==== Data in this exercise ====
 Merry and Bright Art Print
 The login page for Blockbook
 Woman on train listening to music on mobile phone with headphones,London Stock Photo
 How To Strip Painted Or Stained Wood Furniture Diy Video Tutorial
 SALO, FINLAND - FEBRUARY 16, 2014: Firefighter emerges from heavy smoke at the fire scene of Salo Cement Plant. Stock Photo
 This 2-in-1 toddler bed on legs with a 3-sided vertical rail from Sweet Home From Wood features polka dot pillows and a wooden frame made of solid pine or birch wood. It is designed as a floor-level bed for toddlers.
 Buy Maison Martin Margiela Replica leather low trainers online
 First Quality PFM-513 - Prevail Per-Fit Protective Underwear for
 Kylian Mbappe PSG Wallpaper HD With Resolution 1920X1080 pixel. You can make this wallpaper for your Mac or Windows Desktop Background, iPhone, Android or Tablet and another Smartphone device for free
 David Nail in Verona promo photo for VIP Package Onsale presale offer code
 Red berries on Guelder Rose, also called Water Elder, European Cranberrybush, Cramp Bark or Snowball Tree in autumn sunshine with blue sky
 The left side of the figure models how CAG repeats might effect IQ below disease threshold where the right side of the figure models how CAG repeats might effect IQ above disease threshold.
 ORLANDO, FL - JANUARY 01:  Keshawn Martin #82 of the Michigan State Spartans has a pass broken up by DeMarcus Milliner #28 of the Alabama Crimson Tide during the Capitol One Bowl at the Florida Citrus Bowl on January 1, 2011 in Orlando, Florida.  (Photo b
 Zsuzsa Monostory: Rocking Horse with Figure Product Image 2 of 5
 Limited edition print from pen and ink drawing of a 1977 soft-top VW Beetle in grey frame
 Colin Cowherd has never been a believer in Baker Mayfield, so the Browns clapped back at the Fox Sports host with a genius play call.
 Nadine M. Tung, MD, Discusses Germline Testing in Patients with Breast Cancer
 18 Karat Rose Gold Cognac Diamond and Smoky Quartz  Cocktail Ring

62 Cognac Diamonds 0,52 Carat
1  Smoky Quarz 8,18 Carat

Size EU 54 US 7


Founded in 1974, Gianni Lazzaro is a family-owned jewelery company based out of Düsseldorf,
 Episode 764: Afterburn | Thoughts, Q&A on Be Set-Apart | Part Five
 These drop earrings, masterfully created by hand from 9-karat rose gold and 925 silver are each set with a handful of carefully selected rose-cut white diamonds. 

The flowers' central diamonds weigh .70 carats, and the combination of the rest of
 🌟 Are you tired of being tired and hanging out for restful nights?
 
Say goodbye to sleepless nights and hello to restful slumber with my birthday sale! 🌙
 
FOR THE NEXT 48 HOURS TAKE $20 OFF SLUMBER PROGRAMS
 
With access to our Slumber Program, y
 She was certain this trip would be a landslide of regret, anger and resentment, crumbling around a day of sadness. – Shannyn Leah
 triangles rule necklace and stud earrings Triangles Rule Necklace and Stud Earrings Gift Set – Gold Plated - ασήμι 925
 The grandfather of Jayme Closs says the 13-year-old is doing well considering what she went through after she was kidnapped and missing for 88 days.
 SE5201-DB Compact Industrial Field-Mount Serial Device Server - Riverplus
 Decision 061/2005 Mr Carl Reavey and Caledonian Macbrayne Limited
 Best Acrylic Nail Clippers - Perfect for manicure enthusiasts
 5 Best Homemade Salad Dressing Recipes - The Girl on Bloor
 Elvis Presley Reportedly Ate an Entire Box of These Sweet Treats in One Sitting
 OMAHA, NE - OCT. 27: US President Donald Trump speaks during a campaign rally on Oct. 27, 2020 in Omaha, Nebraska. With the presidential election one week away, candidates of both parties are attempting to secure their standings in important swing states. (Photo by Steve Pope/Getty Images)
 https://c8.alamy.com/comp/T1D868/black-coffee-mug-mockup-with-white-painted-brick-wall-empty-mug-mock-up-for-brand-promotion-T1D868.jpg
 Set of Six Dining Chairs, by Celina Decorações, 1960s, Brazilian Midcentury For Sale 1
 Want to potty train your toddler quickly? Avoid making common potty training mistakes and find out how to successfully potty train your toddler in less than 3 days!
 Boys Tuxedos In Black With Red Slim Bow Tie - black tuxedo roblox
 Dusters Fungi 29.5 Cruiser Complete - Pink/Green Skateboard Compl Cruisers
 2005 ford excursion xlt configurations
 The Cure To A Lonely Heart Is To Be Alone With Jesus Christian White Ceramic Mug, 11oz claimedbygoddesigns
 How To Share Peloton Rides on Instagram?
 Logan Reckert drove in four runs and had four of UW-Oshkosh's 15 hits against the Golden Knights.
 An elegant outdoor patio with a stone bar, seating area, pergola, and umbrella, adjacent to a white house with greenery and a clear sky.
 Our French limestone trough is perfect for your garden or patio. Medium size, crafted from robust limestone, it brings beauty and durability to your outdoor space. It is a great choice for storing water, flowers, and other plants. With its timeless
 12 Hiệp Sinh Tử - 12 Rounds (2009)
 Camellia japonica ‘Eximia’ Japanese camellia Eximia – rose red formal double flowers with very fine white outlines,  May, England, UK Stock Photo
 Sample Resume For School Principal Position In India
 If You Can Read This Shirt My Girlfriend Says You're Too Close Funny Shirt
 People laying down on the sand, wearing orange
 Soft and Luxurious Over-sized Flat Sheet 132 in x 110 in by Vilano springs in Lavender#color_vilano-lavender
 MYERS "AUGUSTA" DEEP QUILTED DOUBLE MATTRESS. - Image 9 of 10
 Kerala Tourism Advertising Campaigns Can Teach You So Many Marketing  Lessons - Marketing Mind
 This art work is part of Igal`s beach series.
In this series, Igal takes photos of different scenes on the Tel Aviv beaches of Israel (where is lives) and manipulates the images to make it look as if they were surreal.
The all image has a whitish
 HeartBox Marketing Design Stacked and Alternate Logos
====
Problem to solve => Everything above from the line containing "The login page for Blockbook" down to the line containing "Size EU 54 US 7" should be copied exactly, both end lines included, and nothing else.

Answer to this task =>
 The login page for Blockbook
 Woman on train listening to music on mobile phone with headphones,London Stock Photo
 How To Strip Painted Or Stained Wood Furniture Diy Video Tutorial
 SALO, FINLAND - FEBRUARY 16, 2014: Firefighter emerges from heavy smoke at the fire scene of Salo Cement Plant. Stock Photo
 This 2-in-1 toddler bed on legs with a 3-sided vertical rail from Sweet Home From Wood features polka dot pillows and a wooden frame made of solid pine or birch wood. It is designed as a floor-level bed for toddlers.
 Buy Maison Martin Margiela Replica leather low trainers online
 First Quality PFM-513 - Prevail Per-Fit Protective Underwear for
 Kylian Mbappe PSG Wallpaper HD With Resolution 1920X1080 pixel. You can make this wallpaper for your Mac or Windows Desktop Background, iPhone, Android or Tablet and another Smartphone device for free
 David Nail in Verona promo photo for VIP Package Onsale presale offer code
 Red berries on Guelder Rose, also called Water Elder, European Cranberrybush, Cramp Bark or Snowball Tree in autumn sunshine with blue sky
 The left side of the figure models how CAG repeats might effect IQ below disease threshold where the right side of the figure models how CAG repeats might effect IQ above disease threshold.
 ORLANDO, FL - JANUARY 01:  Keshawn Martin #82 of the Michigan State Spartans has a pass broken up by DeMarcus Milliner #28 of the Alabama Crimson Tide during the Capitol One Bowl at the Florida Citrus Bowl on January 1, 2011 in Orlando, Florida.  (Photo b
 Zsuzsa Monostory: Rocking Horse with Figure Product Image 2 of 5
 Limited edition print from pen and ink drawing of a 1977 soft-top VW Beetle in grey frame
 Colin Cowherd has never been a believer in Baker Mayfield, so the Browns clapped back at the Fox Sports host with a genius play call.
 Nadine M. Tung, MD, Discusses Germline Testing in Patients with Breast Cancer
 18 Karat Rose Gold Cognac Diamond and Smoky Quartz  Cocktail Ring

62 Cognac Diamonds 0,52 Carat
1  Smoky Quarz 8,18 Carat

Size EU 54 US 7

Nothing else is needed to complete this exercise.